Tabanca Grande Luís Graça disse...

Meu caro António, estes dados, agora "revistos" e "relidos" por mim, são muito reveladores das tendências contraditórias que se registam na sociedade portuguesa ao longo da década de 1960.

Em 1961 temos o início da guerra de Angola, e é também o "annus horribilis" de Salazar e do seu regime que conseguira sobreviver ao triunfo das democracias ocidentais, e à derrota das potências do Eixo (Alemanha, Itália, Japão...), em 1945.

Em todo o caso, o 15 de março de 1961, com a insurreição da UPA no Norte de Angola (e o seu cortejo de massacres que nos horrizou a todos: eu tinha 14 anos...), acabou por dar um "suplemento de alma" (e até de "alguma "legitimidade" ao regime de Salazar...

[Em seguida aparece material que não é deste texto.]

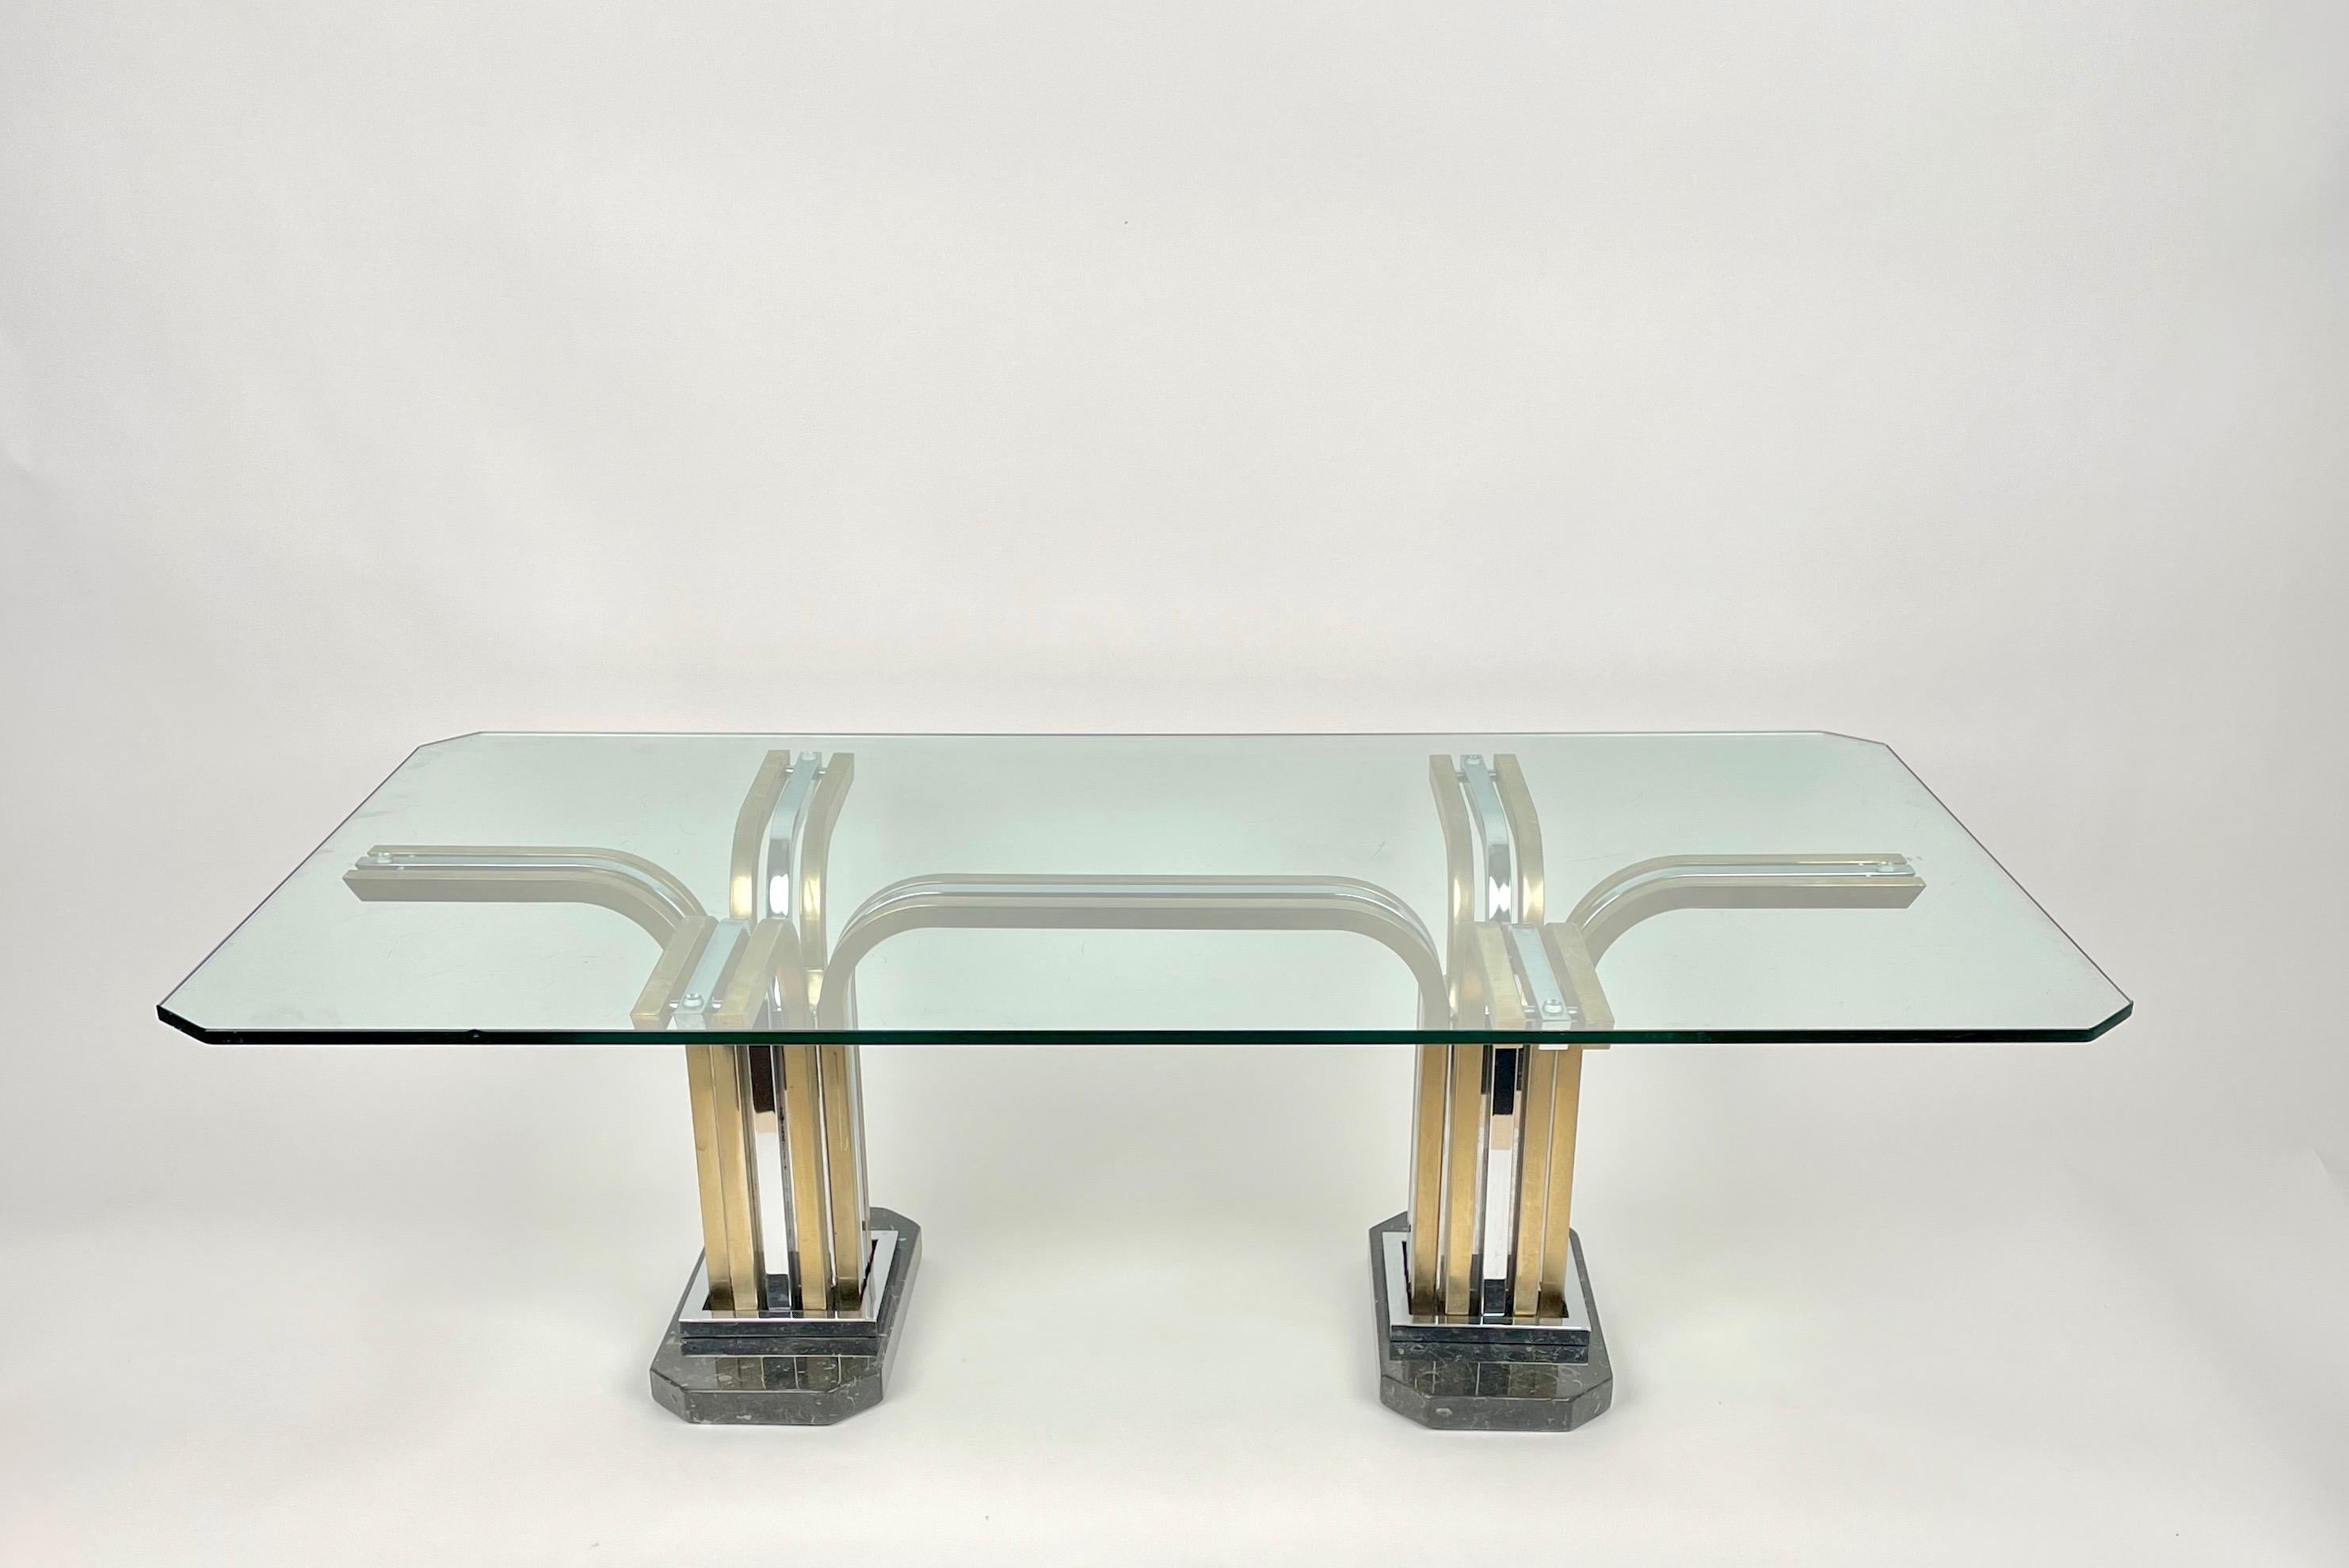 Rectangular coffee table featuring a marble base with chrome and brass legs and a glass surface in the style of the Italian designer Romeo Rega. Made in Italy in the 1970s.

Não sobreviveu à morte (física e política) do ditador... E o "consulado" de Caetano foi apenas um hiato na História... 1969 é uma data marcante, até pelos sinais contraditórios que o sucessor de Salazar nos dá, com falsas promessas de "abertura" política... A "crise de vocações militares" tem aqui a sua expressão mais eloquente: 33 admissões ao 1º ano da Academia Militar...

Concordo que é pena não haver estudos sobre a (des)motivação dos jovens em relação à carreira militar... O ambiente intelectual, político-ideológico e moral nos liceus e nas universidades não era seguramente o mesmo quando o Morais da Silva, em 1963, entrou na Academia Militar. E, apesar da censura, sabe-se que a situação nas "frentes" de batalha, no ultramar, a milhares de quilómetros de distância, não é o mais favorável ao recrutamento de jovens para a carreira militar... As famílias estão inquietas, ninguém sabe ao certo o que se passa e sobretudo o que virá a acontecer... Aumenta a contestação, sobretudo entre os jovens, em relação à guerra do ultramar, há um crescente número de faltosos, refratários e até desertores... Há uma clara crise de "identidade" entre os portugueses, muitos dos quais emigram clandestinamente para a França e outros destinos europeus à procura de trabalho e de melhores condições de vida...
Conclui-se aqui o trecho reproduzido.